Making Facebook Self Healing
New submitter djeps writes "I used to achieve some degree of automated problem resolution with Nagios Event Handler scripts and RabbitMQ, but Facebook has done it on a far larger scale than my old days of sysadmin. Quoting: 'When your infrastructure is the size of Facebook's, there are always broken servers and pieces of software that have gone down or are generally misbehaving. In most cases, our systems are engineered such that these issues cause little or no impact to people using the site. But sometimes small outages can become bigger outages, causing errors or poor performance on the site. If a piece of broken software or hardware does impact the site, then it's important that we fix it or replace it as quickly as possible. ... We had to find an automated way to handle these sorts of issues so that the human engineers could focus on solving and preventing the larger, more complex outages. So, I started writing scripts when I had time to automate the fixes for various types of broken servers and pieces of software.'"

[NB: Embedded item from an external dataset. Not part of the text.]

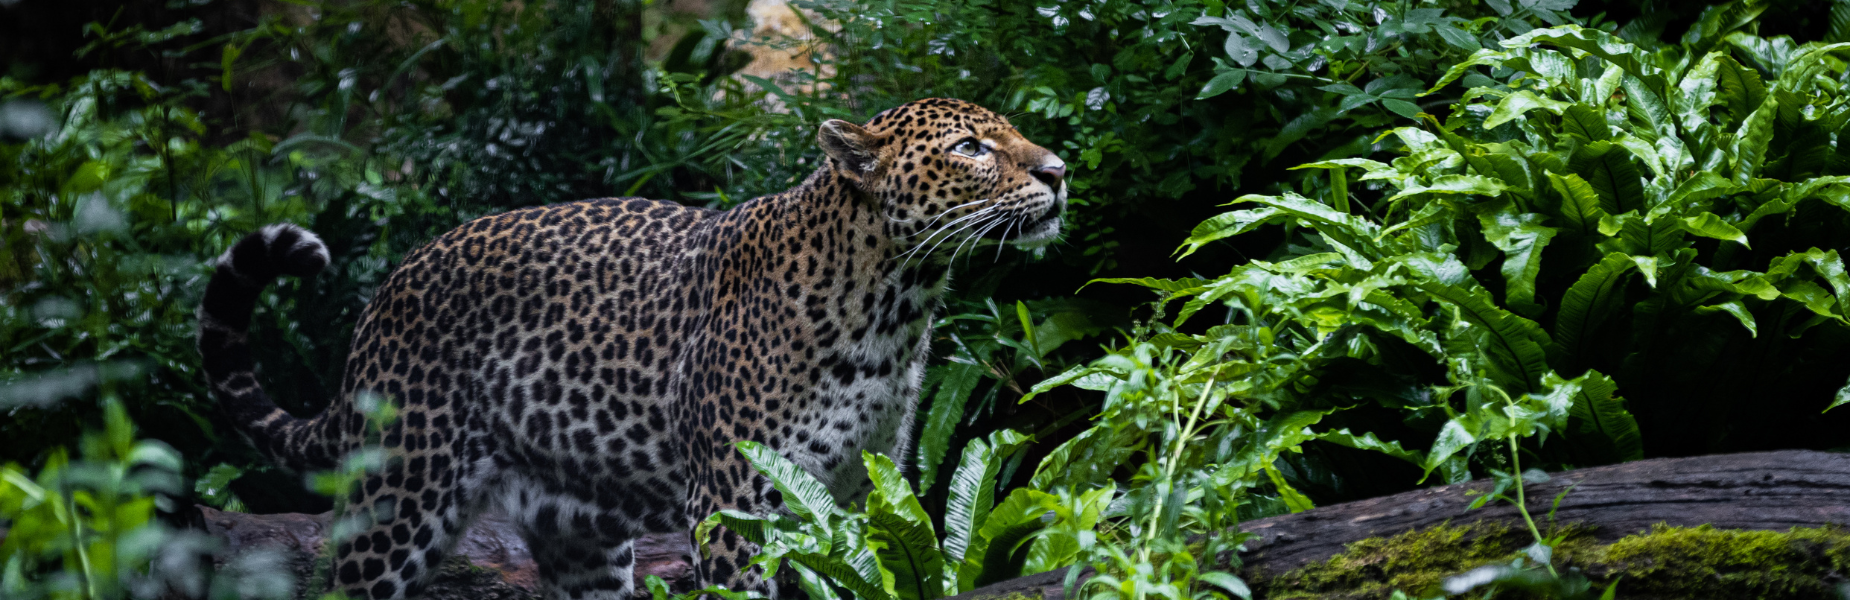 Het zijaanzicht van een luipaard die omhoog kijkt in de jungle, met rechts een tak

I would like to suggest a subtle change to the posting system: Make it so the first post on any article cannot be done as "Anonymous Coward".
I know Slashdot has a tradition of being a "free-for-all, run through a blender" but I don't think there has ever been an AC first post that has ever been anything but either:
- So lame that you wonder how a person manages to survive such a terminal case of lack of personality or creativity... or
- There is no real reason it couldn't have been posted under a login.
Stupidity really should be viciously stamped out but if we can use automated steps to reduce the "background stupid" we can then focus more energy on more invasive cases of dumb.